HTML spec change: escaping < and > in attributes
37 points by jmillikin
37 points by jmillikin
mXSS is a terrible flaw in the syntax. The interaction between HTML, XML, and error recovery is mind-bogglingly complex, in more evil ways than it seems. Correctly implemented parsing of HTML can result in a DOM tree that can’t be expressed in valid HTML syntax, and to serialize it you’d have to reason backwards into what invalid states you’d need to introduce earlier to land at this. It’s almost like reversing a hash.
It’s a shame the problem hasn’t been caught when HTML5 added SVG support.
It gets worse. You can create HTML trees with DOM APIs (createElement, append), that are invalid and impossible to achieve with a parser. Like a element with child nodes. (Exception: when in SVG namespaces, a script element can have children and JS needs to be entity-encoded or in CDATA).
Which is why, basically, setting innerHTML is dangerous when if round-tripping from the output of an innerHTML getter.
An upcoming HTML Sanitizer API will avoid this by offering Element.setHTML(). The functionality is best described as “like innerHTML=”, but without XSS.
It can do this by using the builtin browser parser (no ambiguity), and limiting output to known safe elements and attributes).

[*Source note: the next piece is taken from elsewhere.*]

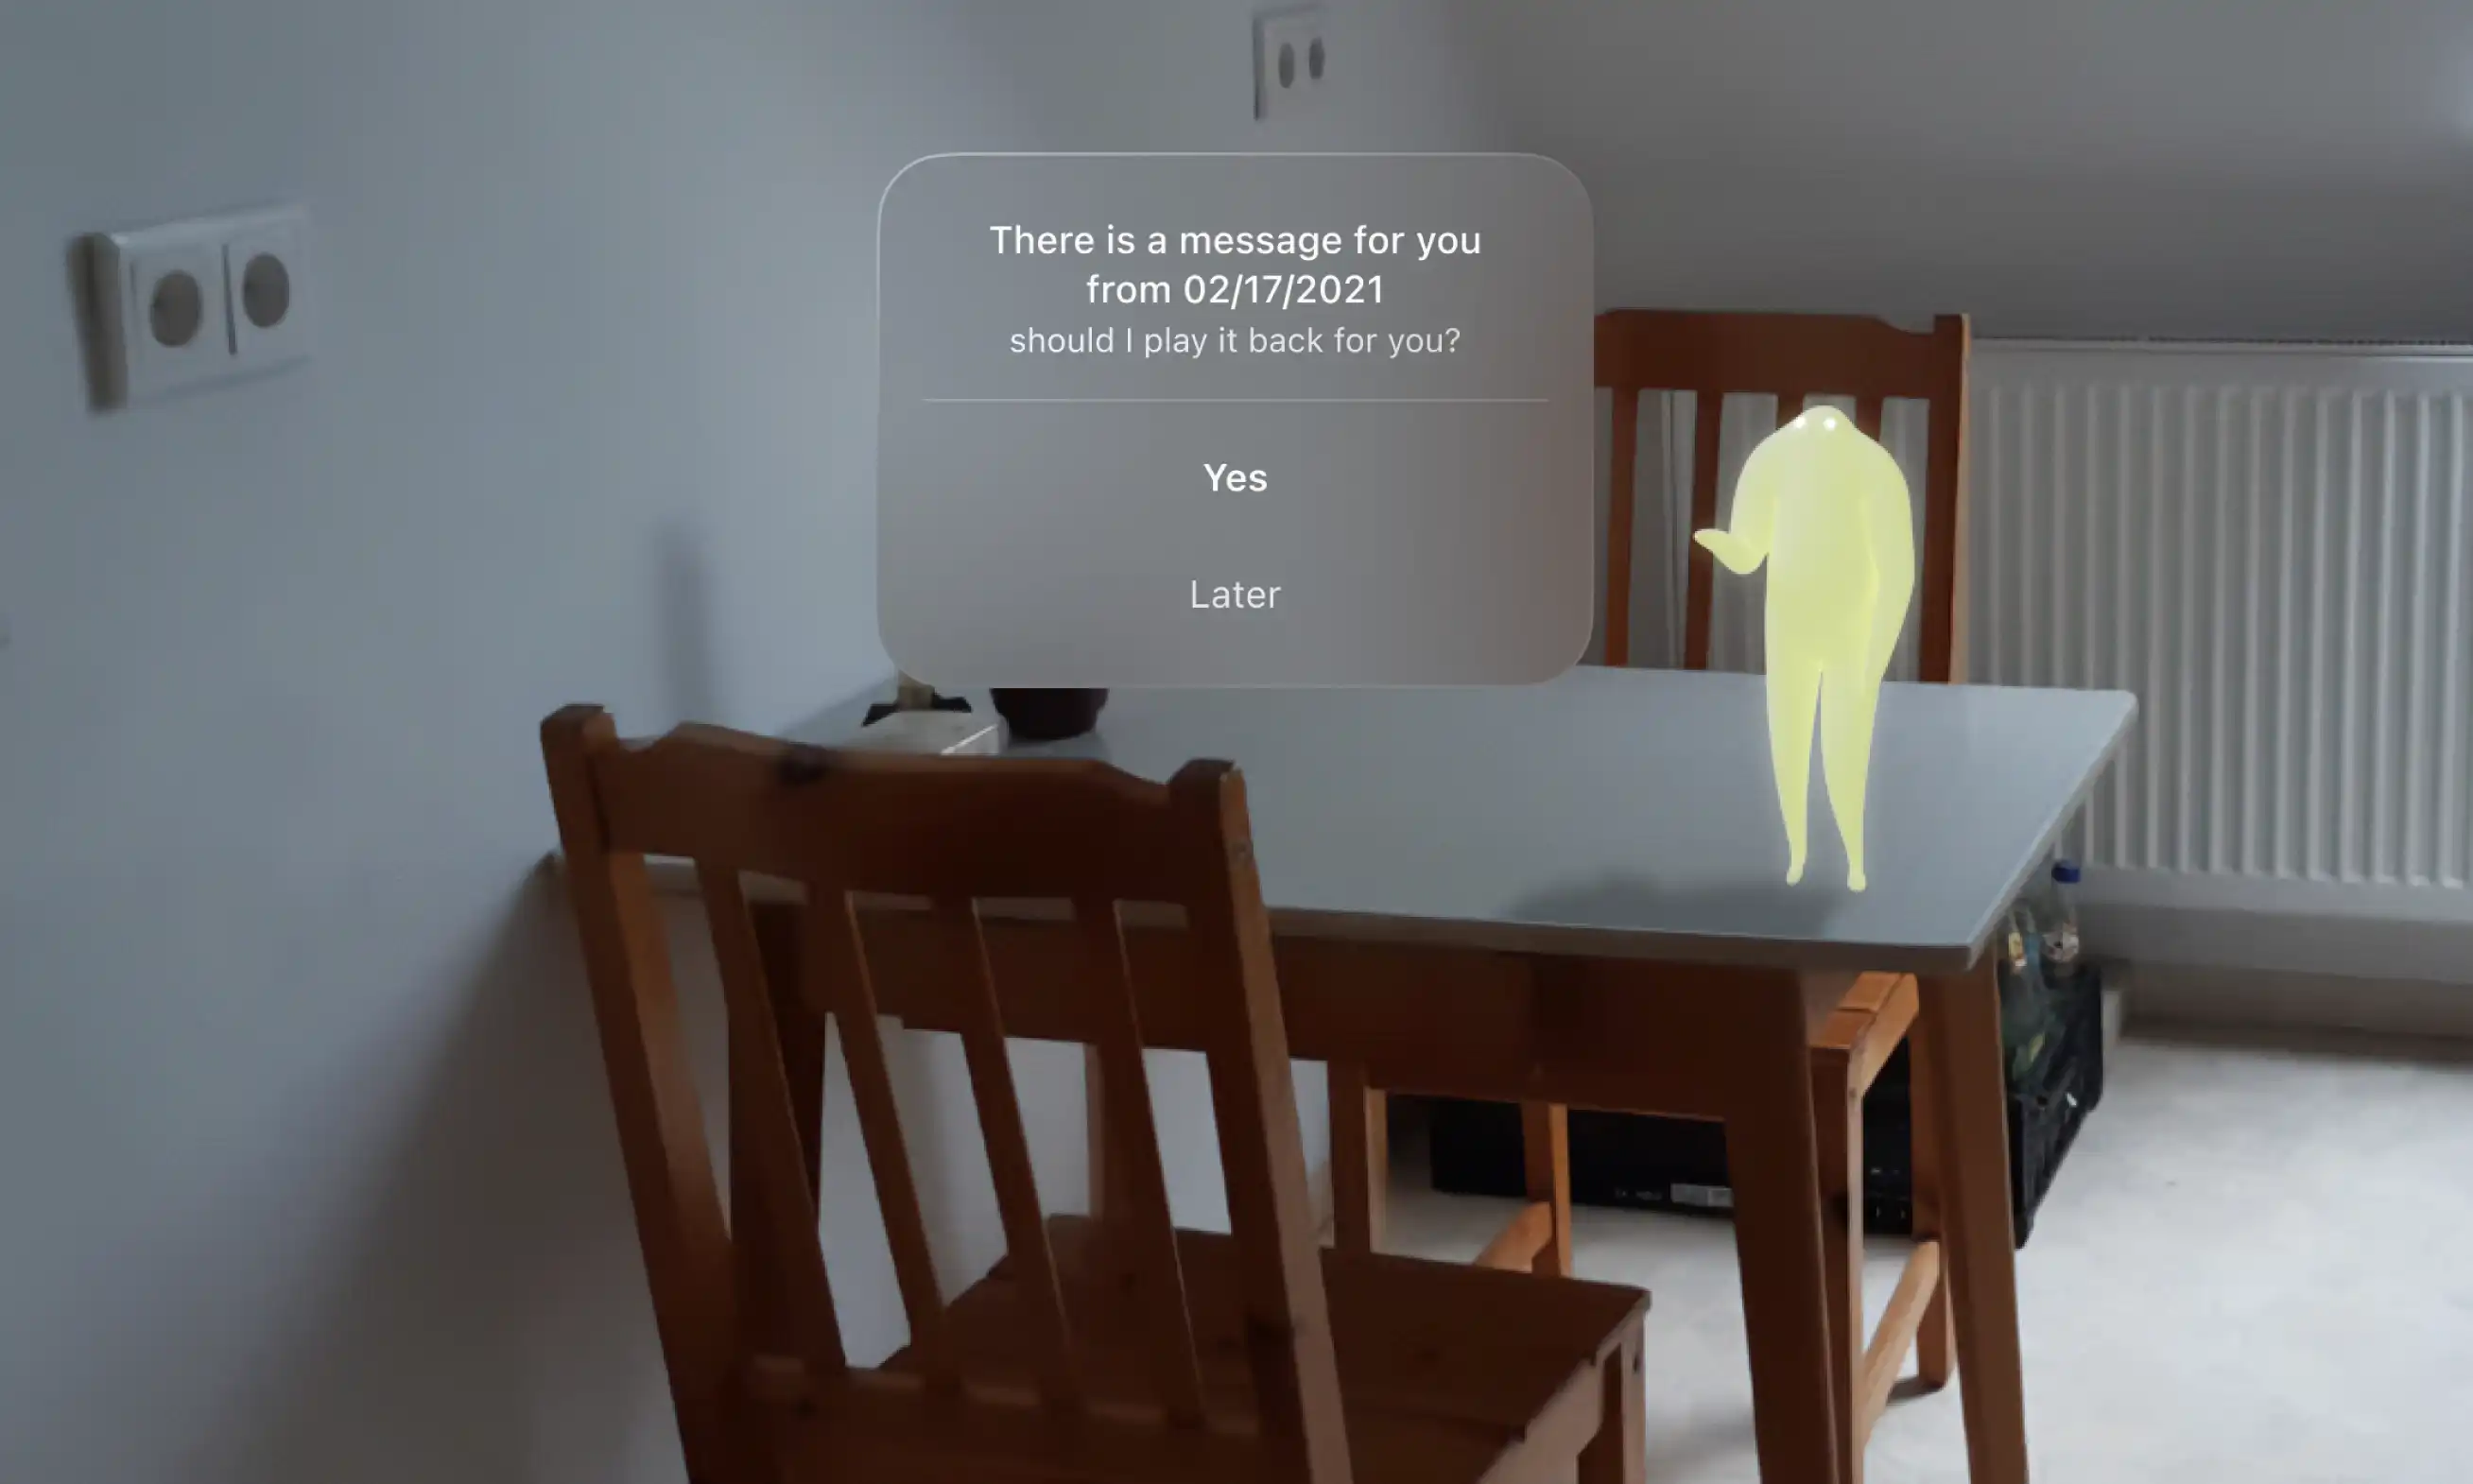 A table with a chair and a white chair in front of it, with an AR character standing on the table.
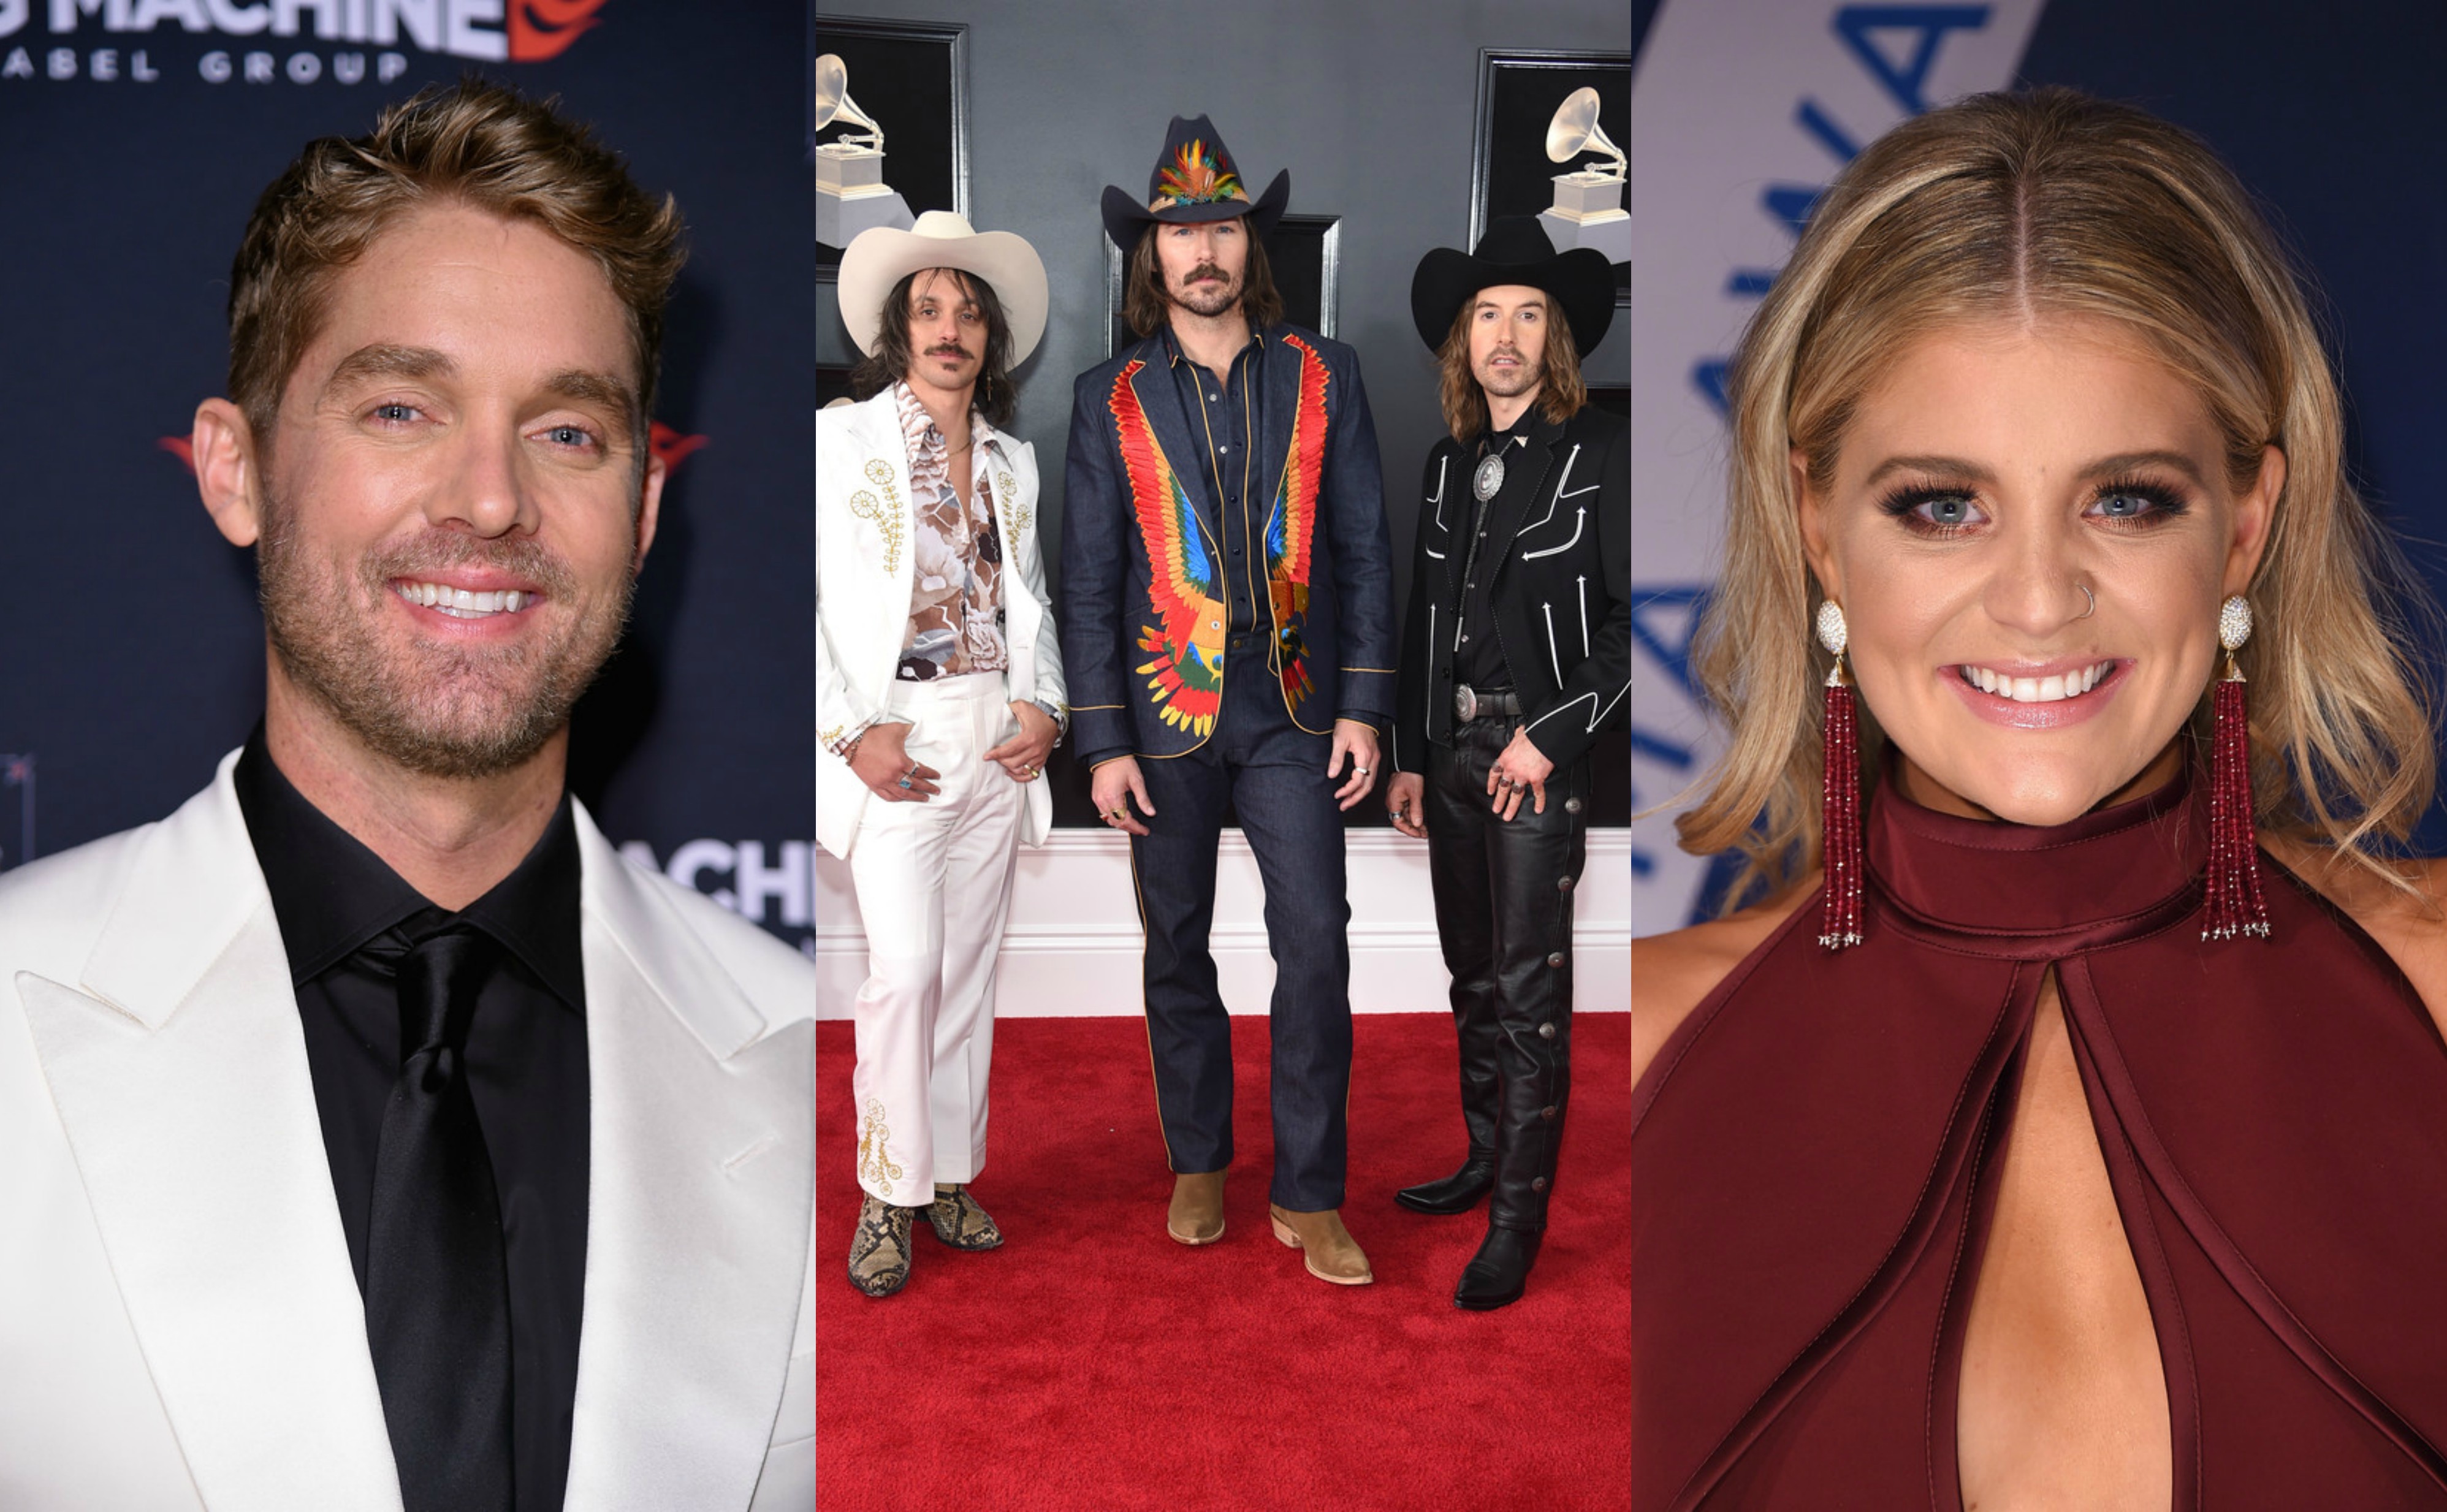 Lauren Alaina, Midland, and Brett Young Win Big Ahead of 53rd Academy of Country Music Awards

For clarification, your “Like a <script> element” has been turned into “Like a <!– raw HTML omitted –> element” by lobsters
That’s not our config, I don’t think, probably from CommonMarker. There’s an open issue to update to current, which may have better behavior, and in any case would be a prereq to considering changing that behavior. Maybe you, dear reader, would like to improve this?
It’s a shame the problem hasn’t been caught when HTML5 added SVG support.
I took a look at the original bug linked: https://github.com/whatwg/html/issues/6235
The obvious problem seems to be that it’s possible to escape from in between <svg></svg>
into HTML.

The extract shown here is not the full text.